With the second season of CW’s The Flash racing to an end (sorry), our speediest hero is in many a geek’s mind and heart. With The Flash’s 60-year history, which stories say the most about him? Now granted, I wrote several articles about how great the Justice League cartoon was, so I’m biased. But for my money, “Flash and Substance” is one of the definitive stories about the character.
A late entry in the Justice League Unlimited series, “Flash and Substance” sees Central City, Flash’s hometown, coming together to celebrate their favorite hero. There’s a Flash Appreciation Day with a parade and a Flash museum is opening that night. It’s all very exciting and heartwarming to The Flash, who convinces Batman and Orion to attend the festivities with all the puppylike glee of a younger brother. The trouble comes from Mirrormaster, Captain Boomerang, The Trickster, and Captain Cold, who have suffered enough of the Flash’s heroics and make a pact to kill him on his special day.
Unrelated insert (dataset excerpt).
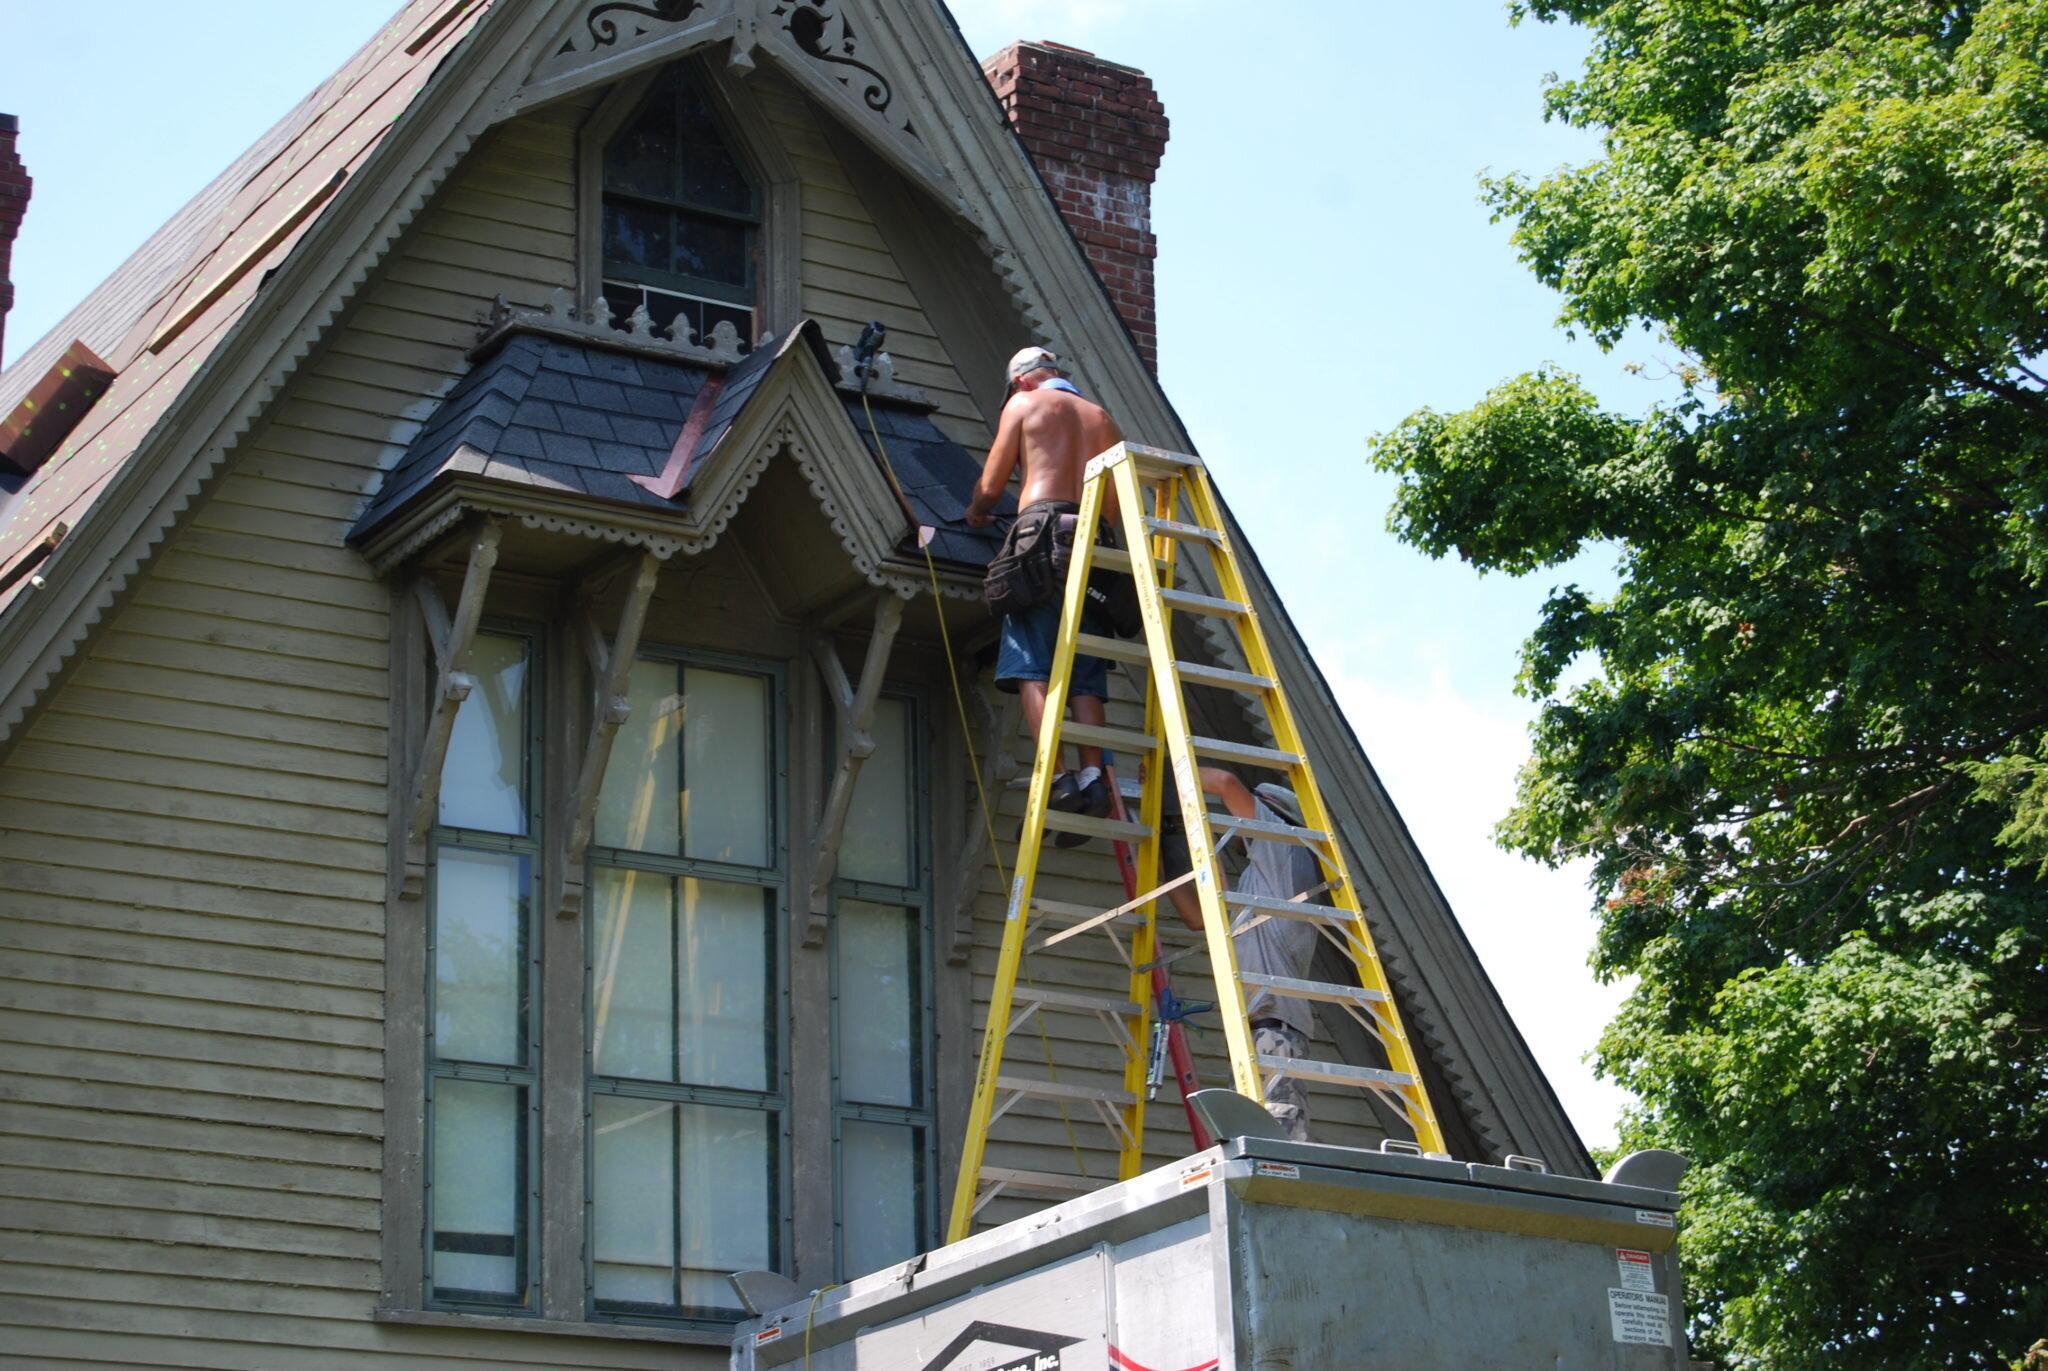 Cottage-Roof-August-19-2019.jpg

It’s a very funny episode, as Flash’s less-than-imposing villains initially take turns creating death traps, and we get to experience such joys as a deadly roller disco. There’s also a love-struck TV reporter who gives us the timeless line: “When we come back from the break, I’ll try to get with him… I mean, get to him… for an interview.” Anyone who’s had enough of grimdark, humorless superheroics will be pleased to find none of that pretension in this tightly-paced half-hour. But that doesn’t mean there’s no substance or thought in the writing.
As the episode goes on, cold and merciless Orion begin to understand–as we do–that Flash’s jovial, flirty, chipper attitude is not just a reflection of surface vanity. It comes from a deeper place of genuine love. The Flash may not be the strongest, smartest, or most versatile member of the Justice League, but he is the most compassionate. With the extra time his speed affords him, Flash makes an effort to understand and to care for every single citizen of Central City; even its criminals.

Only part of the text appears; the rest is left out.